Forward-looking information is not a guarantee of future performance and is based upon a number of estimates and assumptions of management in light of management’s experience and perception of trends, current conditions and expected developments, as well as other factors that management believes to be relevant and reasonable in the circumstances, as of the date of this Press Release including, without limitation, assumptions about: favourable equity and debt capital markets; the ability to raise any necessary additional capital on reasonable terms to advance the production, development and exploration of the Company’s properties and assets; future prices of copper and other metal prices; the timing and results of exploration and drilling programs; the accuracy of any mineral reserve and mineral resource estimates; the geology of the Vale do Curaçá Property, NX Gold Mine and the Boa Esperanҫa Property being as described in the technical reports for these properties; production costs; the accuracy of budgeted exploration and development costs and expenditures; the price of other commodities such as fuel; future currency exchange rates and interest rates; operating conditions being favourable such that the Company is able to operate in a safe, efficient and effective manner; political and regulatory stability; the receipt of governmental, regulatory and third party approvals, licenses and permits on favourable terms; obtaining required renewals for existing approvals, licenses and permits on favourable terms; requirements under applicable laws; sustained labour stability; stability in financial and capital goods markets; availability of equipment; positive relations with local groups and the Company’s ability to meet its obligations under its agreements with such groups; and satisfying the terms and conditions of the Company’s current loan arrangements. While the Company considers these assumptions to be reasonable, the assumptions are inherently subject to significant business, social, economic, political, regulatory, competitive and other risks and uncertainties, contingencies and other factors that could cause actual actions, events, conditions, results, performance or achievements to be materially different from those projected in the forward-looking information. Many assumptions are based on factors and events that are not within the control of the Company and there is no assurance they will prove to be correct.

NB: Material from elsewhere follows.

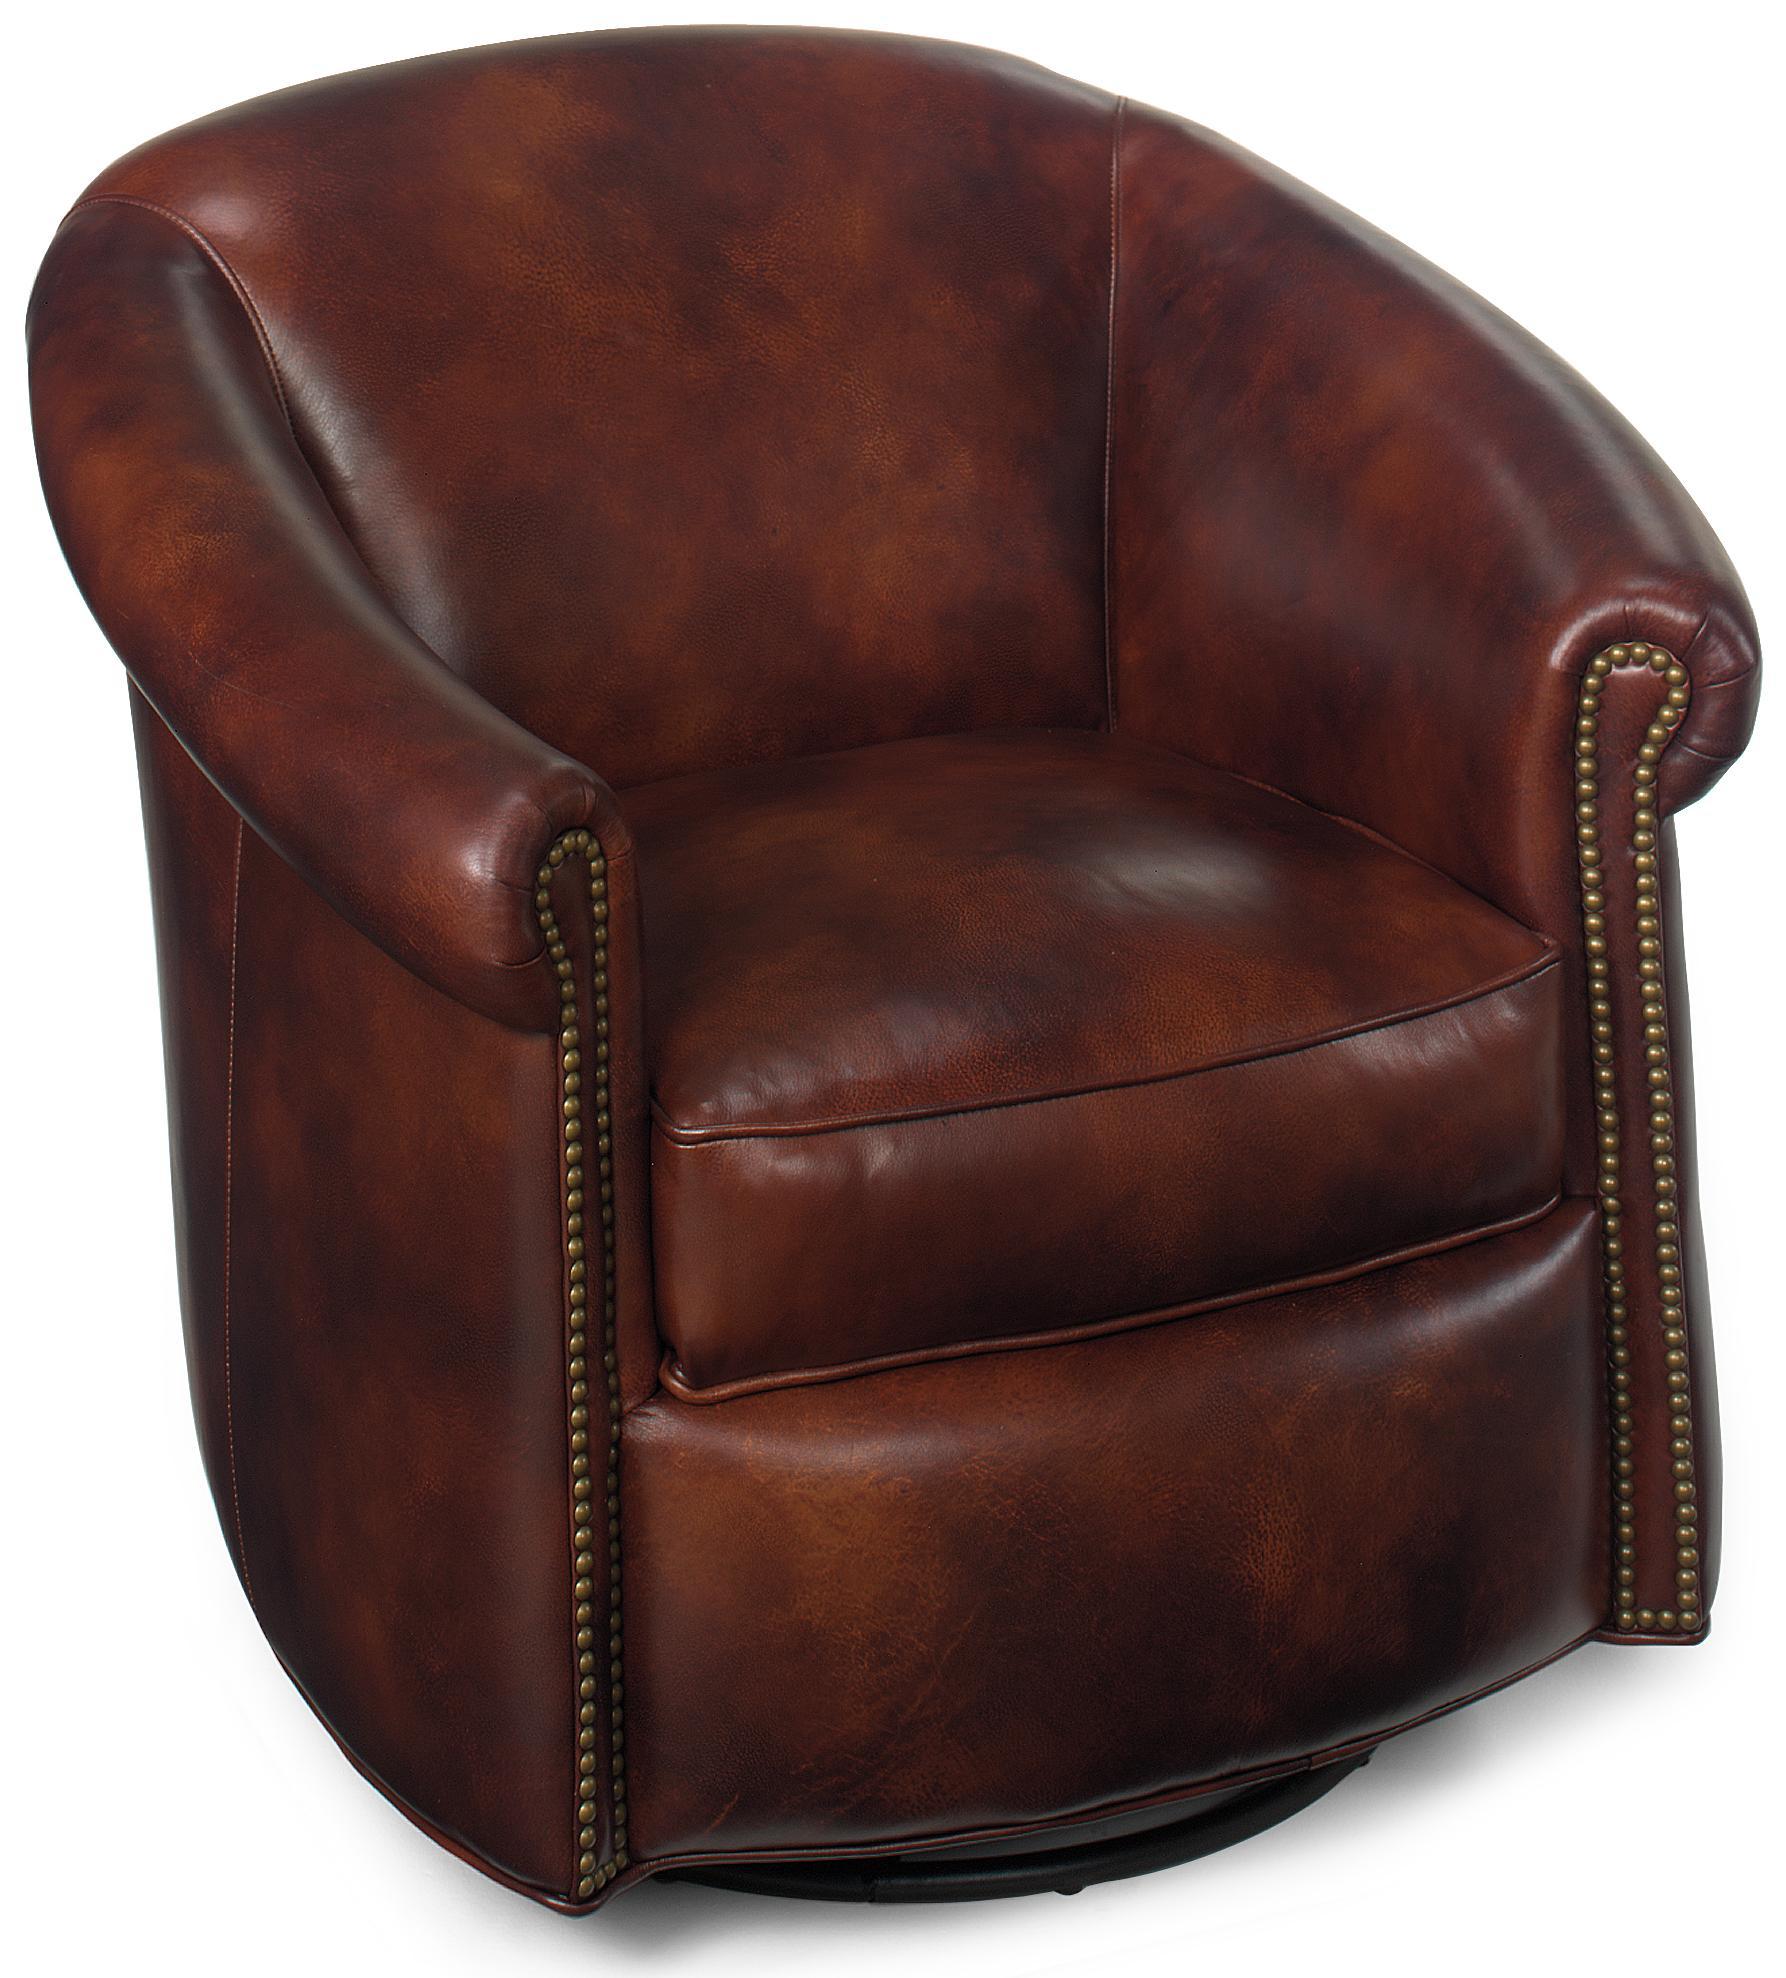 Swivel Tub Chairs Marietta Swivel Tub Chair by Bradington Young at Baer's Furniture

Furthermore, such forward-looking information involves a variety of known and unknown risks, uncertainties and other factors which may cause the actual plans, intentions, activities, results, performance or achievements of the Company to be materially different from any future plans, intentions, activities, results, performance or achievements expressed or implied by such forward-looking information. Such risks include, without limitation the risk factors listed under the heading “Risk Factors” in the Annual Information Form of the Company for the year ended December 31, 2019, dated March 12, 2020.

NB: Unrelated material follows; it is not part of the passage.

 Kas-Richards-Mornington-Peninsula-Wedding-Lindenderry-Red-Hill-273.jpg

Although the Company has attempted to identify important factors that could cause actual actions, events, conditions, results, performance or achievements to differ materially from those described in forward-looking information, there may be other factors that cause actions, events, conditions, results, performance or achievements to differ from those anticipated, estimated or intended.

The Company cautions that the foregoing lists of important assumptions and factors are not exhaustive. Other events or circumstances could cause actual results to differ materially from those estimated or projected and expressed in, or implied by, the forward-looking information contained herein. There can be no assurance that forward-looking information will prove to be accurate, as actual results and future events could differ materially from those anticipated in such information. Accordingly, readers should not place undue reliance on forward-looking information.

Forward-looking information contained herein is made as of the date of this press release and the Company disclaims any obligation to update or revise any forward-looking information, whether as a result of new information, future events or results or otherwise, except as and to the extent required by applicable securities laws.